In a Toronto Star article published in 2007, Holy Name of Mary School was considered one of the finest schools in Ontario. That same year, two years after the submission of the Planning Committee's report, the Felician Sisters terminated the lease with the Dufferin-Peel Catholic District School Board for the Mississauga Road building effective September 2008. The Felician Sisters made this decision, "because they didn’t believe the board was committed to maintaining an all-girls school, said spokesperson Sr. Andrea Rita Marie Kowalczyk." "We’ve been committed to this (all-girls education) for over 40 years. We weren’t going to drop the ball now," said Kowalczyk. Where the provincially funded board would only commit to a five-year lease with a 15-month opt out clause, the sisters now have a 20-year lease with an option for either party to terminate the lease after five years.

Despite the length of time between the board's decision and the Felician Sisters termination of the lease, staff and students at the school seemed ill-prepared for the reality of moving. "When the Felician Sisters’ decision regarding the future of Holy Name was announced last Friday, a shockwave went through the school. It was as if someone had died. Staff and students found themselves at a loss for words and, instead, resorted to tears and hugs." A student, Stephanie Paddley stated, "I pray the Board will recognize what a gem Holy Name is, and make an effort to preserve what we have, even if it means switching buildings, and getting a new name."

In 2007 the separate board committed itself to keeping the original Holy Name community open as a publicly funded girls' school and, although the vacated Loyola facility was mentioned in the report, decided to use a vacant school site in Brampton as its permanent new home. Holy Name of Mary Catholic Secondary School welcomed students to the Glenvale Boulevard location in September 2008 (the building was originally the first home of nearby St. Thomas Aquinas SS). The school's re-dedication of its new building in Brampton was held on February 11, 2009. The guests included Felician Sisters, Trustees, Board Staff, teachers, alumni, former Principals, clergy and Archbishop Thomas Christopher Collins. The ceremony included a papal blessing for the school.

During the 2019-2020 school year the school underwent a $10.3M renovation, which included a 17-classroom, 2-storey rear addition. Due to the COVID-19 pandemic, the school delayed its reopening until January 2021.

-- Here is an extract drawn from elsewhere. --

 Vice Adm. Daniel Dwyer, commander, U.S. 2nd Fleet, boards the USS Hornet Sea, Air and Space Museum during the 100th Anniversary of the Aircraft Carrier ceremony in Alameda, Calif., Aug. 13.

==Change to semester system==
The school implemented a semester system in September, 2011. Until the end of the 2010/2011 school year, the school followed a non-semester system. The change met considerable opposition from school administration, teachers, parents, and students. The issue of changing from a non-semestered system had been raised as early as May 2004.

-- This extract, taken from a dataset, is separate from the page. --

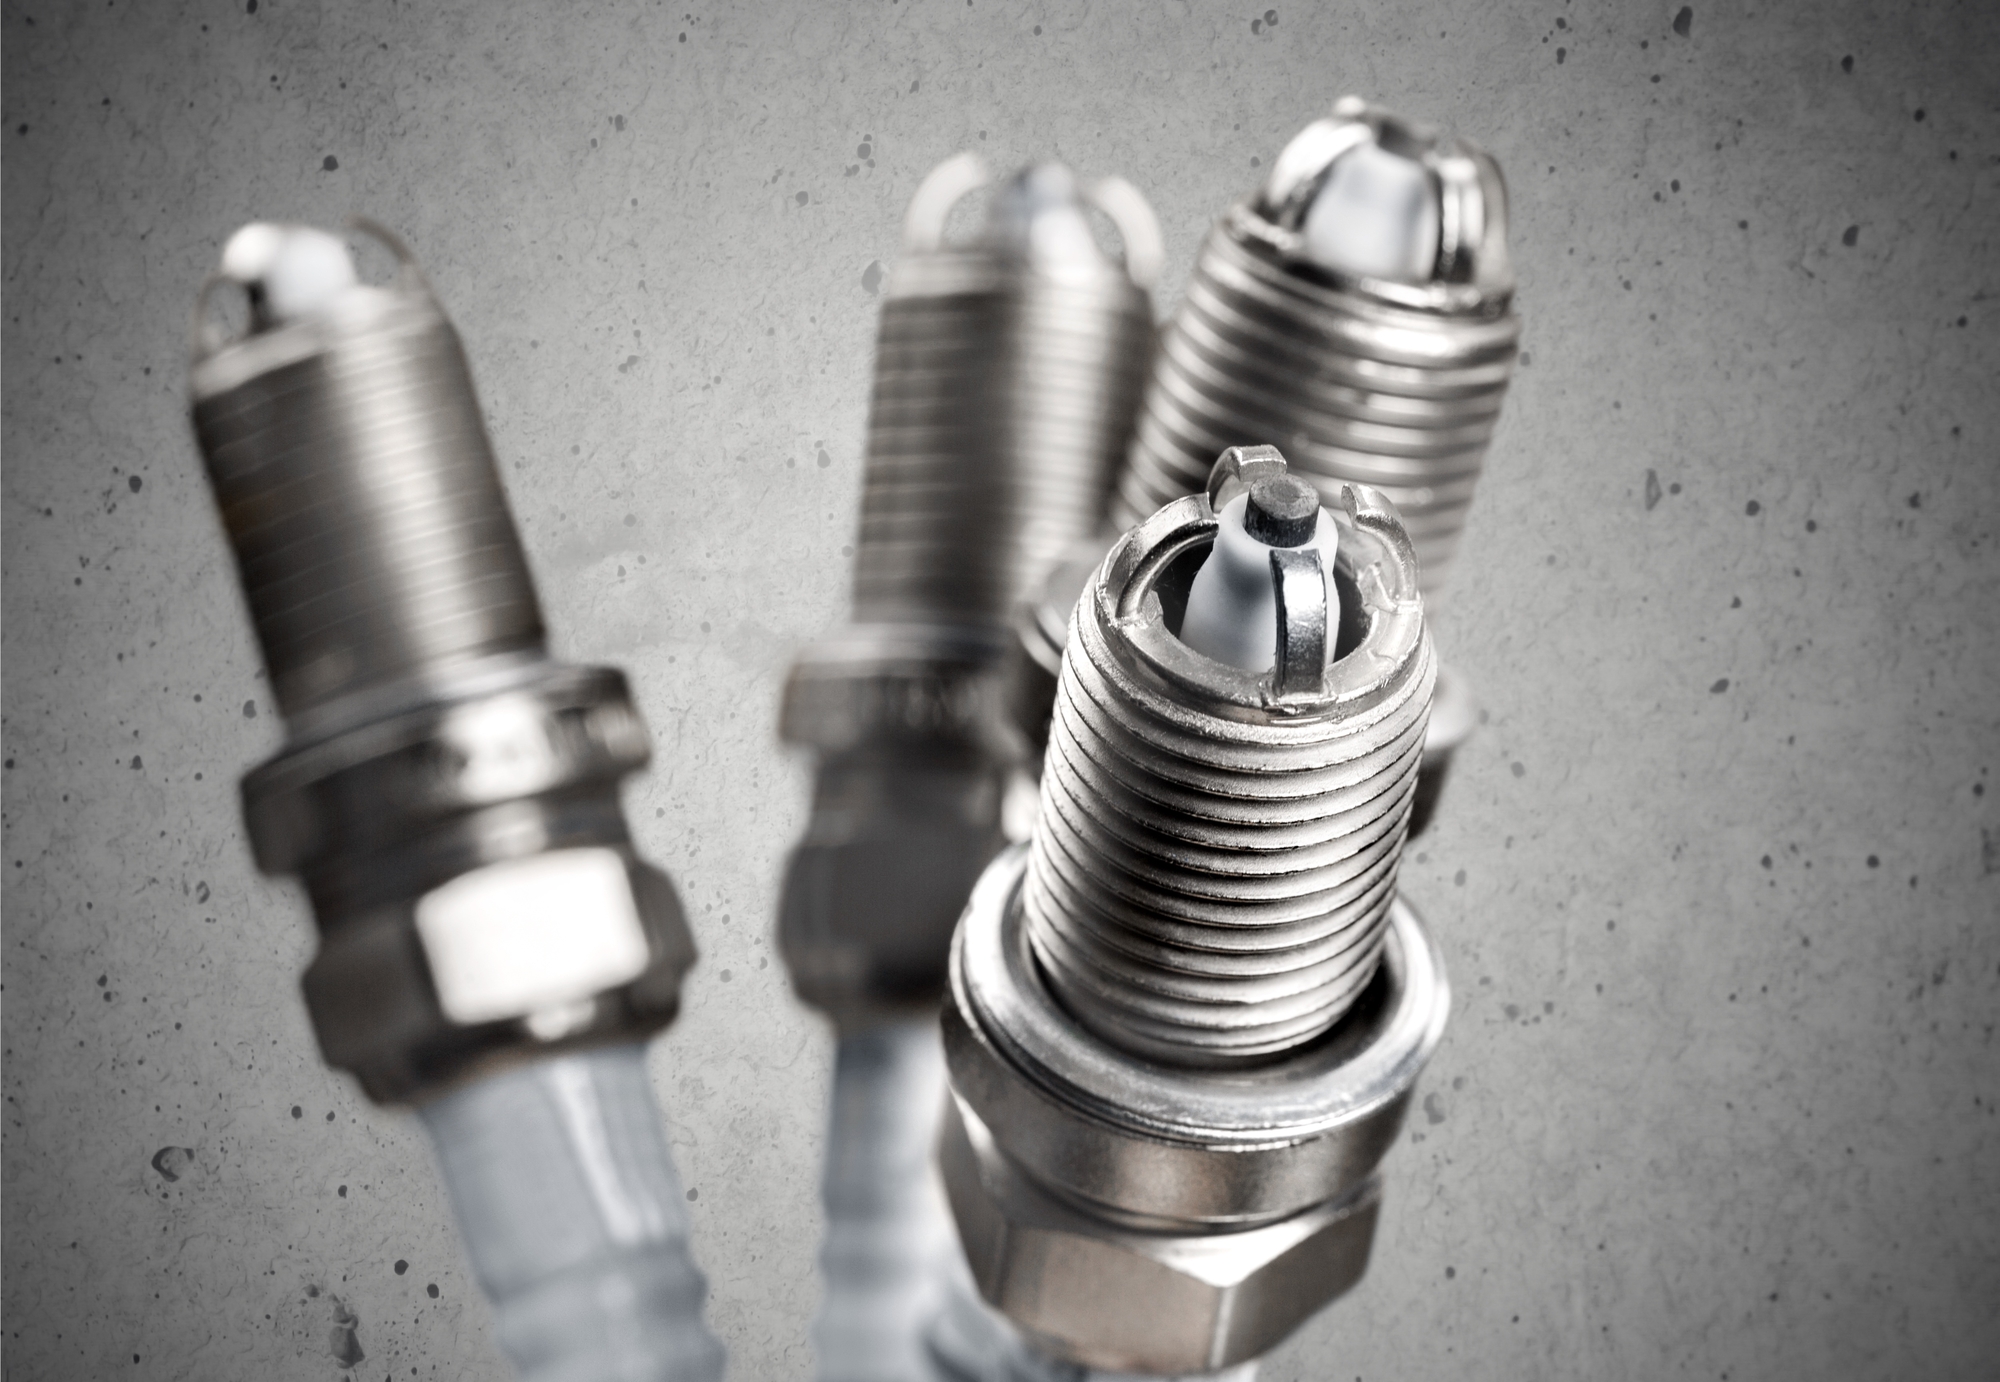 Iridium Spark Plugs Pros Cons And Our Expert s Opinion My Car

== Fraser Institute ranking ==

The Fraser Institute's 2024 report on Holy Name of Mary Secondary School gave it an overall grade of 7.2/10, ranking it at 178 of 747 secondary schools in Ontario.

==Community service==
Pumped in Pink: An awareness and fundraising campaign for breast cancer raised $8293.96 in October, 2010. It is an ongoing service. In 2025 they raised about $965.78.